# Cabo Fishing Mid-Nov.



## Big Frank 25 (Feb 21, 2002)

Any one with experience with Lands End Charters?


----------



## SWMbruiser (Jan 25, 2012)

If you are doing the offshore thing, I Fished with renegade Mike and Pisces this past August. Would do both again. Mike is a true fisherman and does it because he enjoys it. If fishing isn't great he will keep you out longer. Pisces was definitely all about the bottom line run like a business. Boat was in a little better condition. Mike uses a harness which does add to the difficulty until you get used to it. I would probably go Mike again first. Good luck have a blast. November should be a great time off shore


----------



## dhosera (Jul 11, 2006)

I second Renegade Mike. He has a FB page you can look up and see what he's been catching. I must have taken SWMBruiser's advice when I went earlier this year in March and don't regret it. We landed a nice Marlin and (3) huge dorado when we went. Looks like hes into HUGE tuna and Marlin right now along with a few Wahoo mixed in there. Stand up gear is a challenge! Do a search on Cabo fishing in this forum and I posted a report with Pics.....


----------



## SWMbruiser (Jan 25, 2012)

I got the tuna on a kite with Mike. Kite fishing was awesome. My understanding was a lot of the bigger fleets don't so the kite because it is a lot of work. The second is a sail I got with Pisces. Fishing was real slow in August. El nino had really thrown things off. But check out mikes Facebook for sure that 300lb tuna is something else.


----------



## Big Frank 25 (Feb 21, 2002)

Mike is booked solid. Next?


----------



## SWMbruiser (Jan 25, 2012)

Try Pisces or redrum fleets


----------



## REG (Oct 25, 2002)

Dreamweaver has a top notch reputation.


----------



## REG (Oct 25, 2002)

Do a search for Cabo on the forums.

Really, a fairer set of questions would be what kind of fish you'd prefer to target, how many and what people (wives/kids, all hardcore fishing guys, etc) will be fishing with you, how many days would you want to be on the water and what you want to budget for doing fishing outings. As you probably saw already, there's all sorts of boats from 60+ footers to pangas, and each class of boats has operators with a lot of happy clients and some with not so good reps.


----------



## Big Frank 25 (Feb 21, 2002)

REG said:


> Do a search for Cabo on the forums.
> 
> Really, a fairer set of questions would be what kind of fish you'd prefer to target, how many and what people (wives/kids, all hardcore fishing guys, etc) will be fishing with you, how many days would you want to be on the water and what you want to budget for doing fishing outings. As you probably saw already, there's all sorts of boats from 60+ footers to pangas, and each class of boats has operators with a lot of happy clients and some with not so good reps.

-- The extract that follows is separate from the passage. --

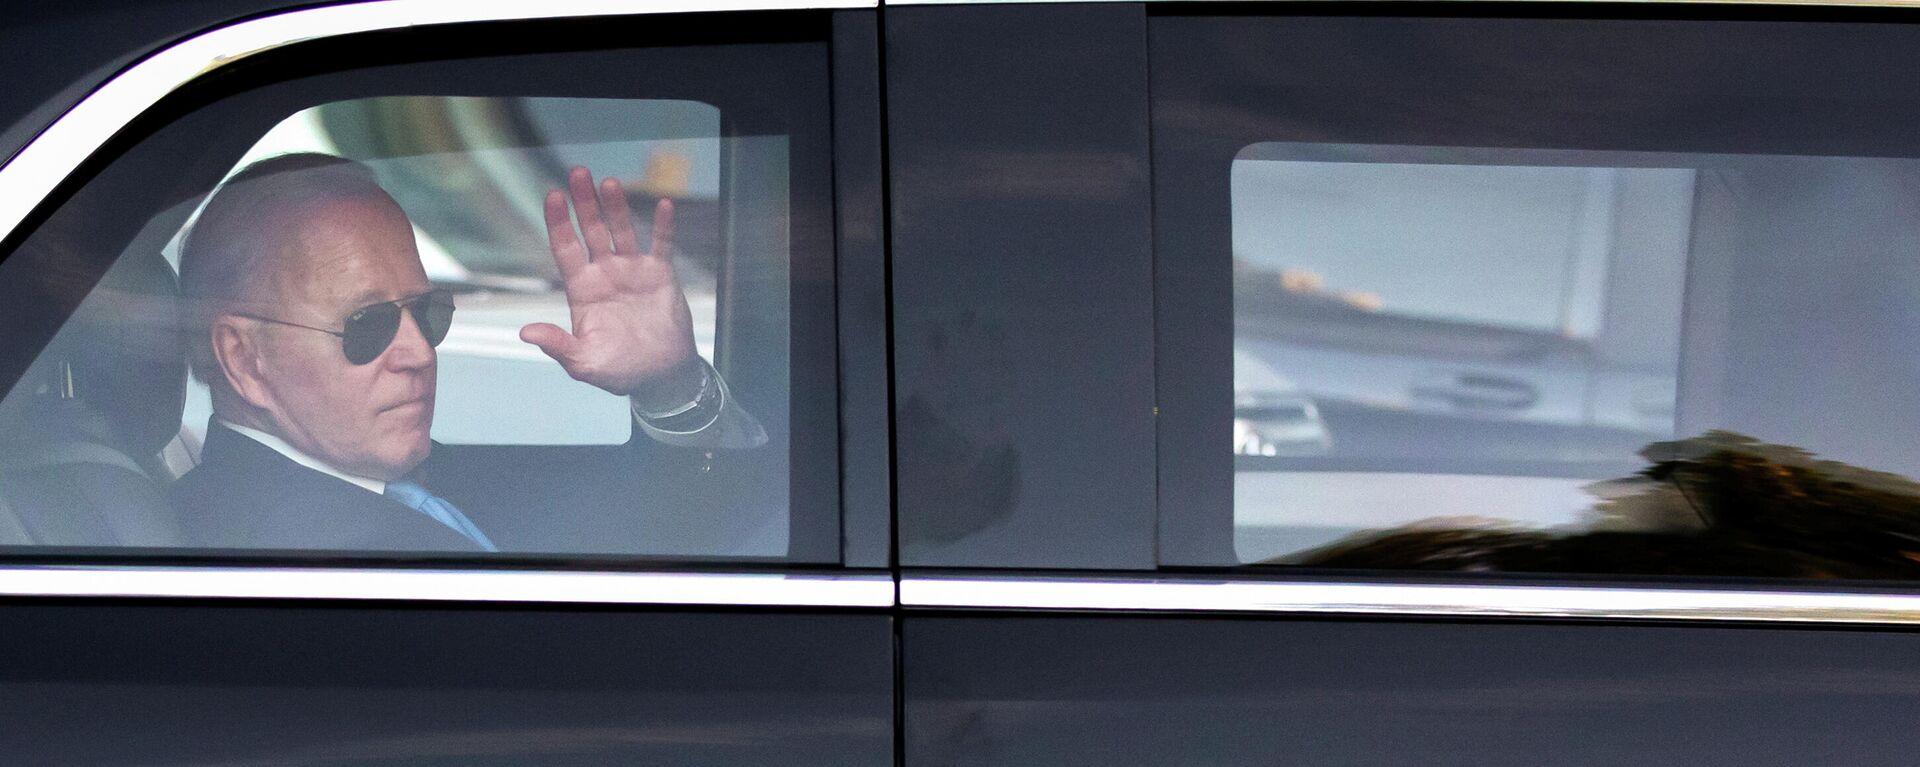 Президент США Джо Байден машет рукой в машине - Sputnik Таджикистан, 1920, 07.10.2021

Done the search. Some are a bit dated. More recent trips might be of more help. This is a wedding gift for the newlyweds. They are looking for a full day of Billfishing. Many boats do not seem to list insurance as a benefit. Some state fully insured all taxes included in price. Thanks for the insight!


----------



## Big Frank 25 (Feb 21, 2002)

RedRum, TantRum has been booked! Thanks for the input.


----------



## R.J.M. (Jun 10, 2007)

My research was done by looking up bloody decks forum and then going through the posts on cabo till I found one I felt good about ( dream weaver ) nothing but great things to say about our trip want 2 marlin one for each youth to catch ended up with 8


----------



## Fishndude (Feb 22, 2003)

Big Frank 25 said:


> RedRum, TantRum has been booked! Thanks for the input.


So, how was the fishing?


----------



## Big Frank 25 (Feb 21, 2002)

Fishndude said:


> So, how was the fishing?


Fishing was great! Catching was another thing. 22mph winds. Seas were a bit rough. One seasick bride for most the day.  Gill netters came in the week prior and took out large tuna. Had one short Marlin strike bit the bait in two. Seven small tuna for the day.

Other boats had Marlin flags flying. So there was some action on the bill fish.


----------